Deep Unsupervised Clustering with Gaussian Mixture Gaussian Mixture VAE
Contents
- Abstract
- Introduction
- GMVAE
- Generative & Recognition models
- Inference with the Recognition Model
- KL cost of the Discrete Latent Variable
- Over-regularization problem
0. Abstract
variant of VAE with GMM as prior
- goal : unsupervised clustering via DGM
Problem of regular VAE : over-regularisation
\(\rightarrow\) leads to cluster degeneracy
Minimum information constraint
- mitigate these problems in VAE
- improve unsupervised clustering performance
1. Introduction
Unsupervised clustering
-
(conventional) K-means, GMM
- limitation : similarity measures are limited to local relations in the data space
-
DGM (Deep Generative Model)
-
can encode rich latent structures
-
can be used for dimensionality reduction
-
try to estimate the density of observed data under some assumptions
( assumption about about its latent structure )
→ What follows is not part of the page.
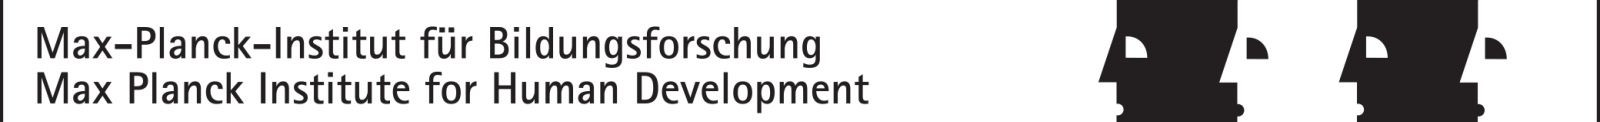 MPIB_Logo_positiv.jpg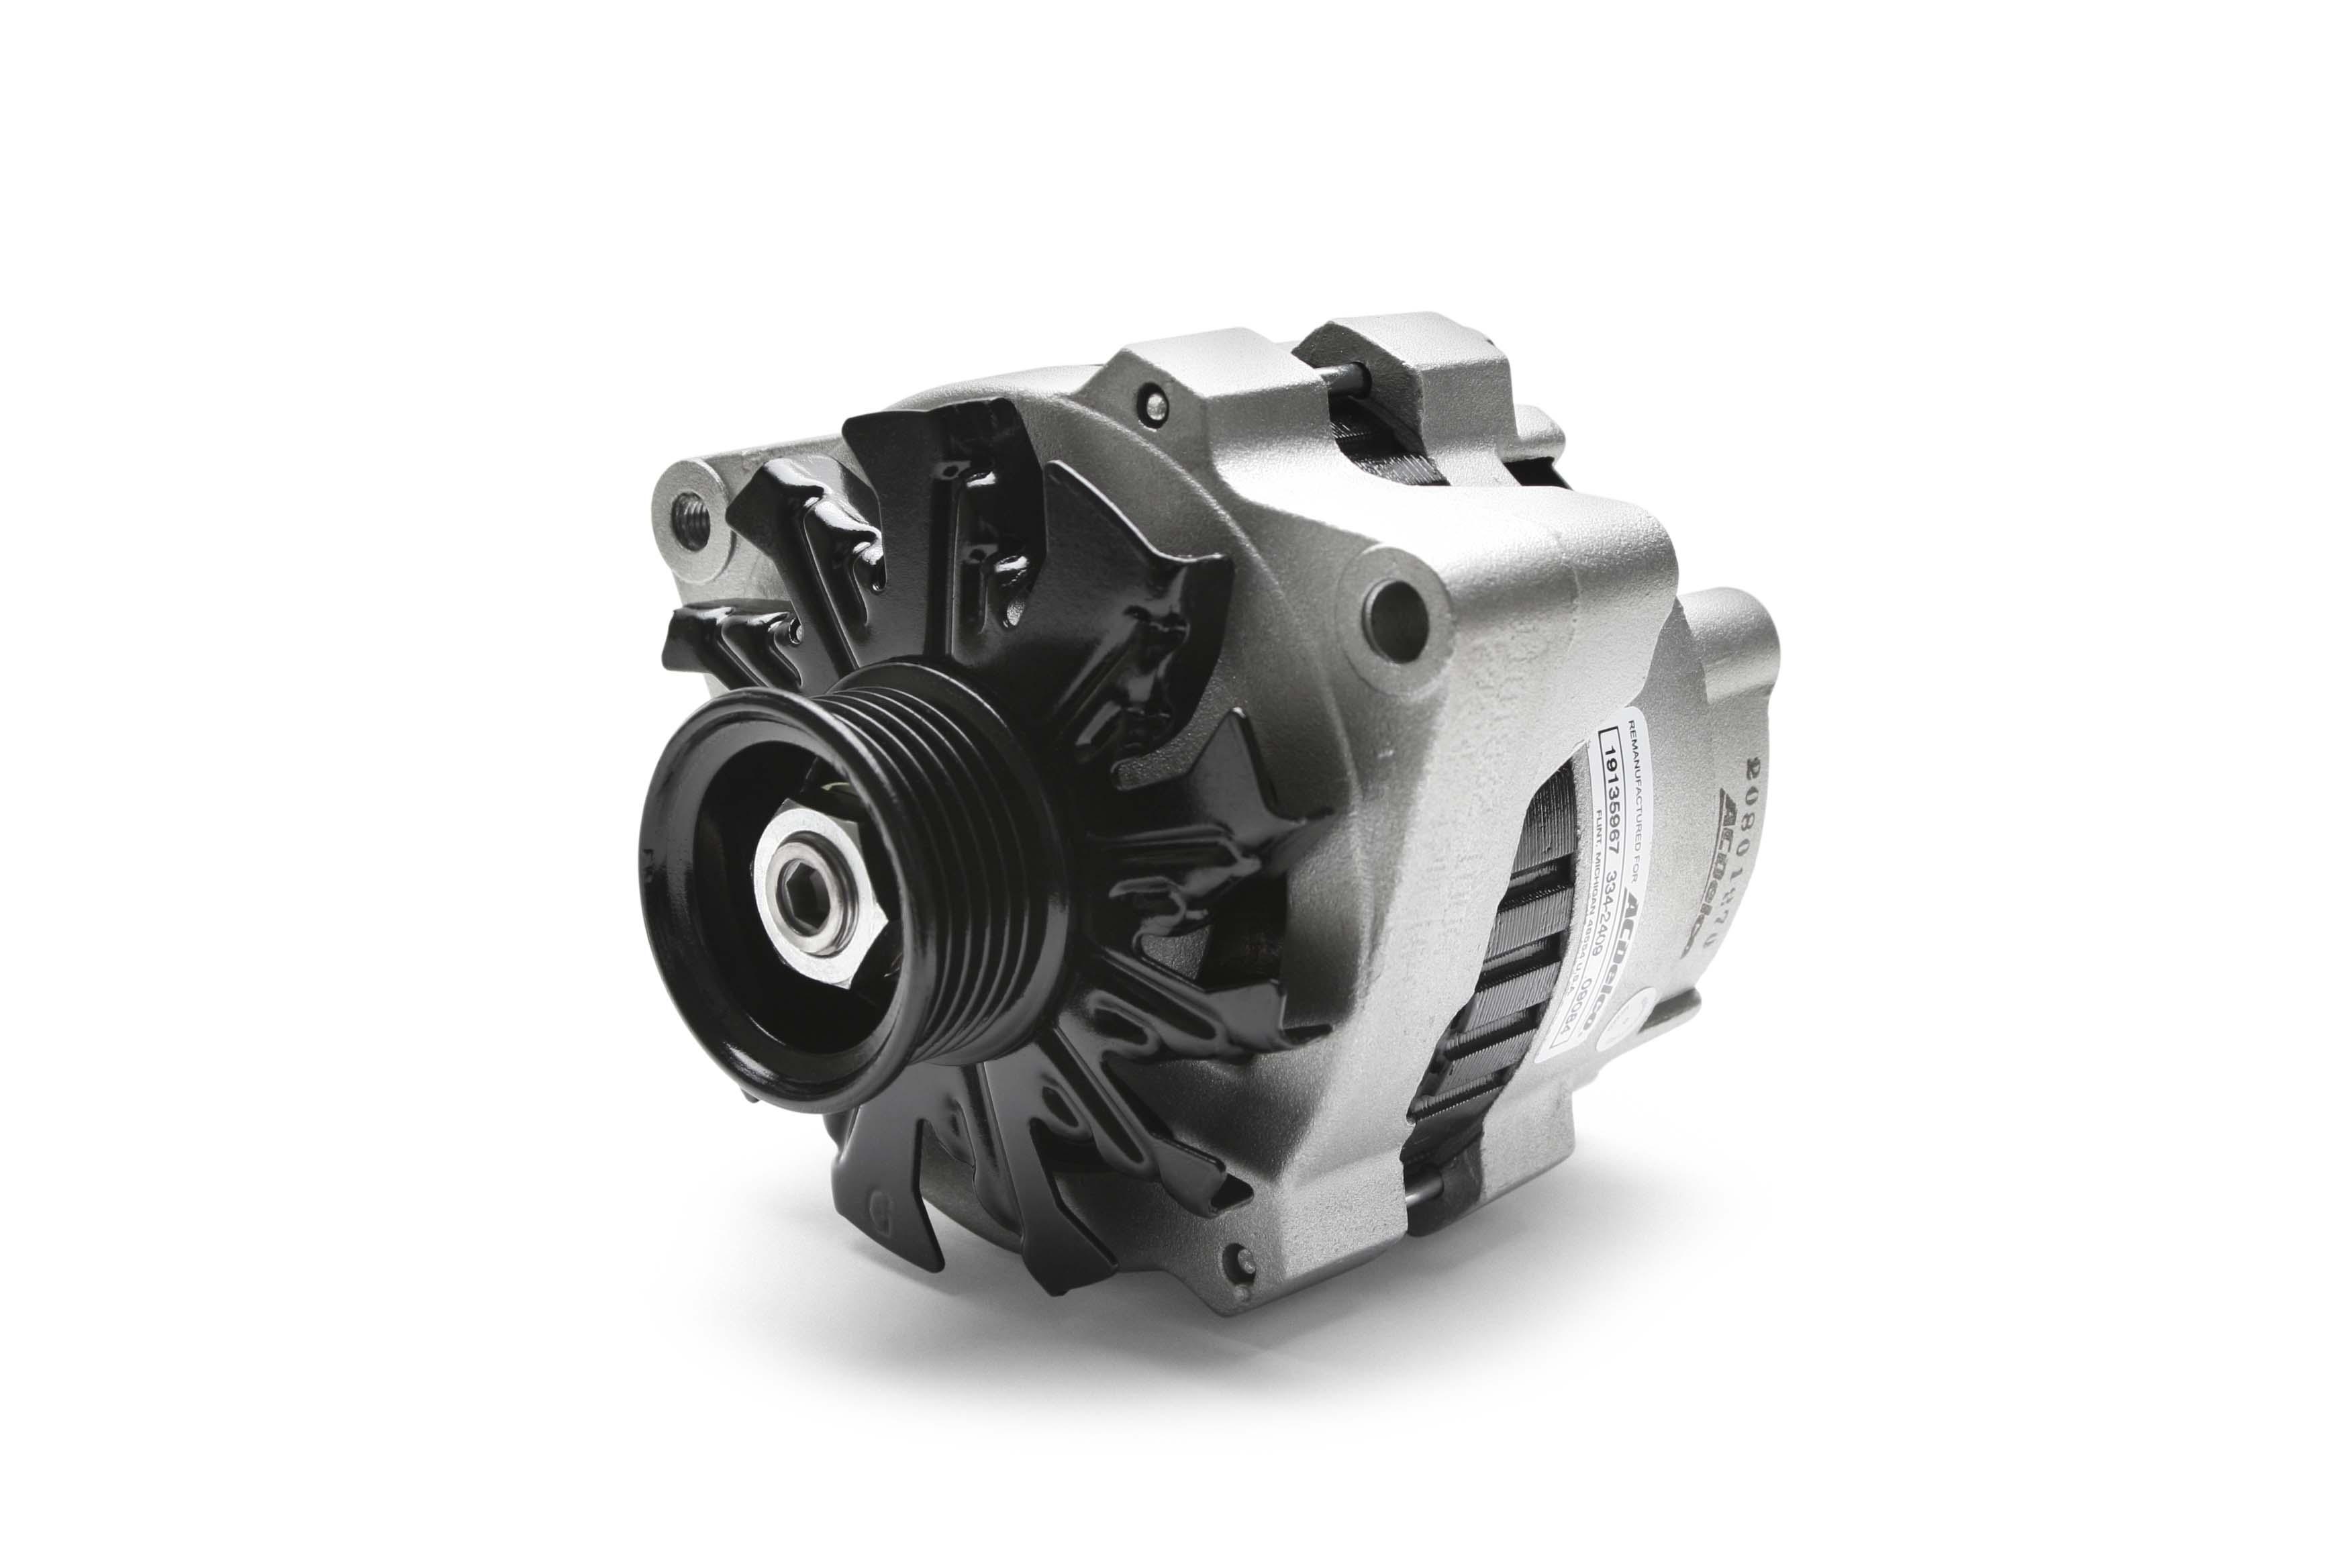 Acdelco Canada Gm Oe Remanufactured Alternators Relay Fuel Pump Gen2 When

\(\rightarrow\) They allow us to reason about data in more complex ways
-
ex) VAE
-
Proposal :
-
perform unsupervised clustering within VAE
-
over-regularisation in VAEs
\(\rightarrow\) can be mitigated with the minimum information constraint
2. GMVAE
( Gaussian Mixture Variational Auto Encoder )
Vanilla VAE vs GM-VAE
- (Vanilla VAE) prior : isotropic Gaussian
- interpretable, but unimodal ….
- (GM-VAE) prior : mixture of Gaussian
variational lower bound of our GMVAE can be optimised with standard back-prop
( through the reparametrisation trick )
(1) Generative & Recognition models
[ Generative model ]
\[p_{\beta, \theta}(\boldsymbol{y}, \boldsymbol{x}, \boldsymbol{w}, \boldsymbol{z})=p(\boldsymbol{w}) p(\boldsymbol{z}) p_\beta(\boldsymbol{x} \mid \boldsymbol{w}, \boldsymbol{z}) p_\theta(\boldsymbol{y} \mid \boldsymbol{x})\]\(\boldsymbol{y} \mid \boldsymbol{x} \sim \mathcal{N}\left(\boldsymbol{\mu}(\boldsymbol{x} ; \theta), \operatorname{diag}\left(\boldsymbol{\sigma}^2(\boldsymbol{x} ; \theta)\right)\right) \text { or } \mathcal{B}(\boldsymbol{\mu}(\boldsymbol{x} ; \theta))\).
- \(\boldsymbol{x} \mid z, \boldsymbol{w} \sim \prod_{k=1}^K \mathcal{N}\left(\boldsymbol{\mu}_{z_k}(\boldsymbol{w} ; \beta), \operatorname{diag}\left(\boldsymbol{\sigma}_{z_k}^2(\boldsymbol{w} ; \beta)\right)\right)^{z_k}\).
- \(\boldsymbol{w} \sim \mathcal{N}(0, \boldsymbol{I})\).
- \(z \sim \operatorname{Mult}(\boldsymbol{\pi})\).
- set the parameter \(\pi_k=K^{-1}\) to make \(\mathbf{z}\) uniformly distributed
- \(K\) : pre-defined number of components
Model ( NN ) : \(\boldsymbol{\mu}_{z_k}(\cdot ; \beta), \boldsymbol{\sigma}_{z_k}^2(\cdot ; \beta), \boldsymbol{\mu}(\cdot ; \theta), \boldsymbol{\sigma}^2(\cdot ; \theta)\).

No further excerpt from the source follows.